Friday, October 25, 2013

DAY 299
TURNED INWARD
Jeremiah 6, 7 & 8 and 1 Timothy 5
So let’s start at the end of our Jeremiah readings today, chapter 8. “For the wound of the daughter of my people is my heart wounded; I mourn, and dismay has taken hold of me…Is there no balm in Gilead?” 8:21-22a.
Jeremiah’s heart is wounded, an amazing phrase, a phrase that he will unpack for much of the rest of chapter 9.

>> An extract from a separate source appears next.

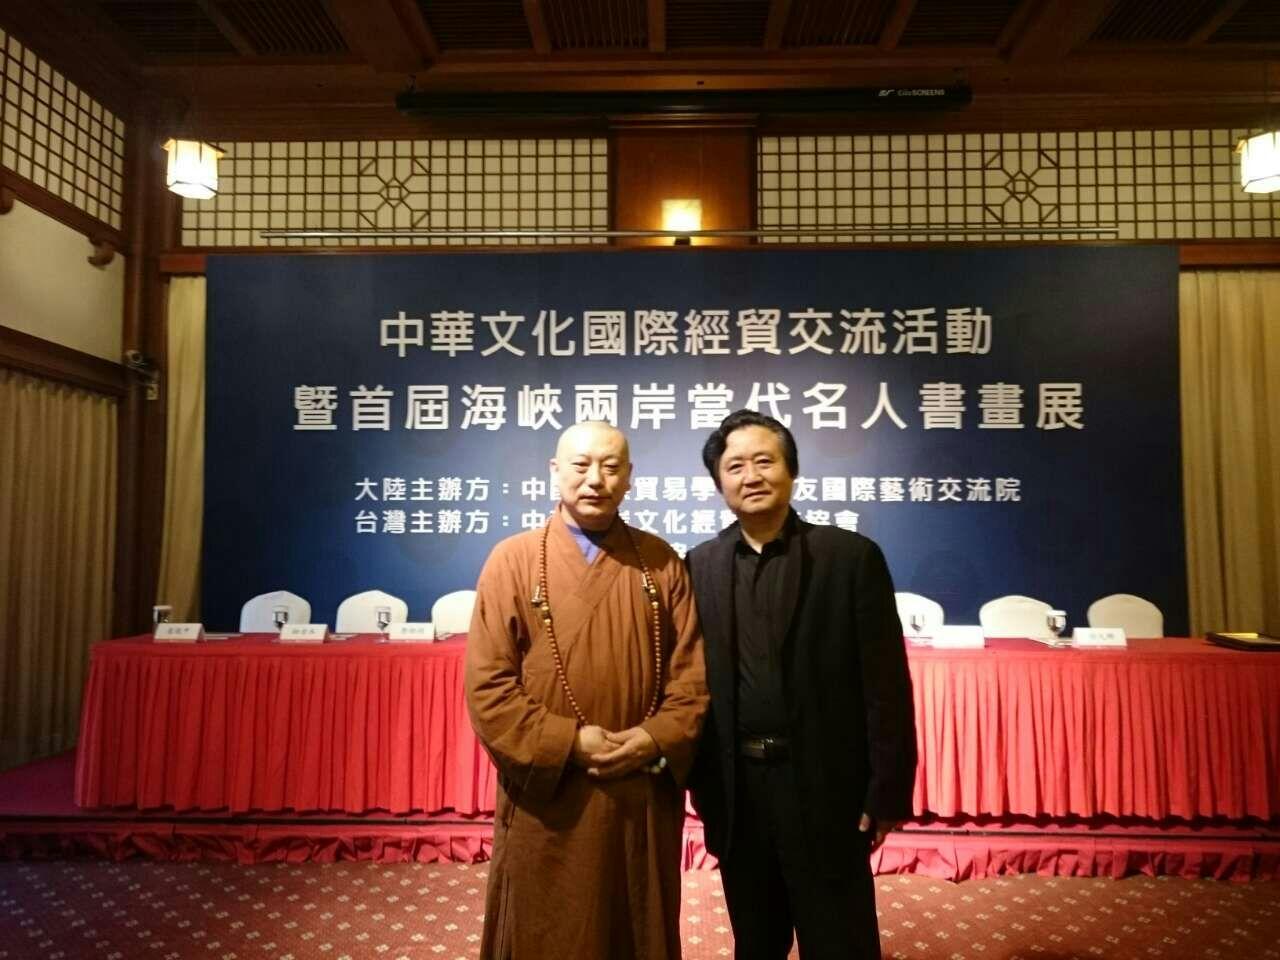 张广才教授参加中外友协举办的首届海峡两岸名人书画展_图1-5

You might ask, “Why?” That is unless of course you have read chapters 6, 7 and the first 17 verses of chapter 8. Jeremiah is warning Jerusalem of its impending destruction. The catastrophe has not happened yet, but in the most graphic language Jeremiah is prophesying that it will. We read, “This is the city that must be punished…she keeps fresh her evil” (6:6-7). In 6:14 we read of how the priests have been telling people “peace, peace, when there is no peace”—in other words they have been lying to the people. In 6:16-17 we read how the people have disregarded the good ancient paths and ignored the trumpet (read as very loud) warnings.
In chapter 7:1-15 Jeremiah is standing at the entrance to the Temple proclaiming all that the people have done wrong and offering them God’s forgiveness if only they repent. They don’t, and so beginning in 7:16 God says to Jeremiah, “Do not pray for these people” – wow! In the balance of chapter 7 we read again how God finds it an abomination when people offer him empty ritual and then go and practice evil: this is not real faith and not real religion. How evil were they? Consider just one verse, 7:31 and the place “hinnon”. Here is what the Easton’s Bible Dictionary says about it:
“a deep, narrow ravine separating Mount Zion from the so-called "Hill of Evil Counsel." It took its name from "some ancient hero, the son of Hinnom." It is first mentioned in Joshua 15:8 . It had been the place where the idolatrous Jews burned their children alive to Moloch and Baal. A particular part of the valley was called Tophet, or the "fire-stove," where the children were burned. After the Exile, in order to show their abhorrence of the locality, the Jews made this valley the receptacle of the offal of the city, for the destruction of which a fire was, as is supposed, kept constantly burning there.” I had to “look up” offal: it the waste products of an animal, the parts that are not used.
God is abhorred: Jeremiah grieves. These prophecies are not new. These prophecies are that “run- away train” of humanity that so often ignores God. You might object. You might be saying, “But we are better.” I would like to think that, but then I go to Haiti and I see it. We are not better, we are just insulated and maybe God’s voice is somehow muffled. Maybe I am so “turned inward” that I like the people of Jeremiah’s day cannot hear God.
I know that may be an uncomfortable thing for you to read. It is uncomfortable for me to write. But here is the deal—prophets are supposed to make us uncomfortable. They are supposed to get us to take a look in the mirror and be honest.
Prophets can make a difference. Maybe not always turning the tide of a nation, but standing as a sentinel, calling to their people, calling to God’s people, calling forward to us. Jeremiah’s is a man so in step with God that he must tell people what God tells him…and yet he is not separate from his people and it pains him that they will not listen.
I am left wondering where I am not hearing God, or where I am failing to proclaim, or where I have been comfortable with my own holiness while some of the people of God go off happily sinning – not that I am a prophet, but you and I live in a world where we are so turned in on ourselves (or let me speak for myself – I am turned in on me – worrying about “what will I eat and what will I wear”) that we might not be seeing the big picture.

Jeremiah challenges me to “turn and look outward” – Allow Jeremiah to have his way with you for a moment – even if it is painful.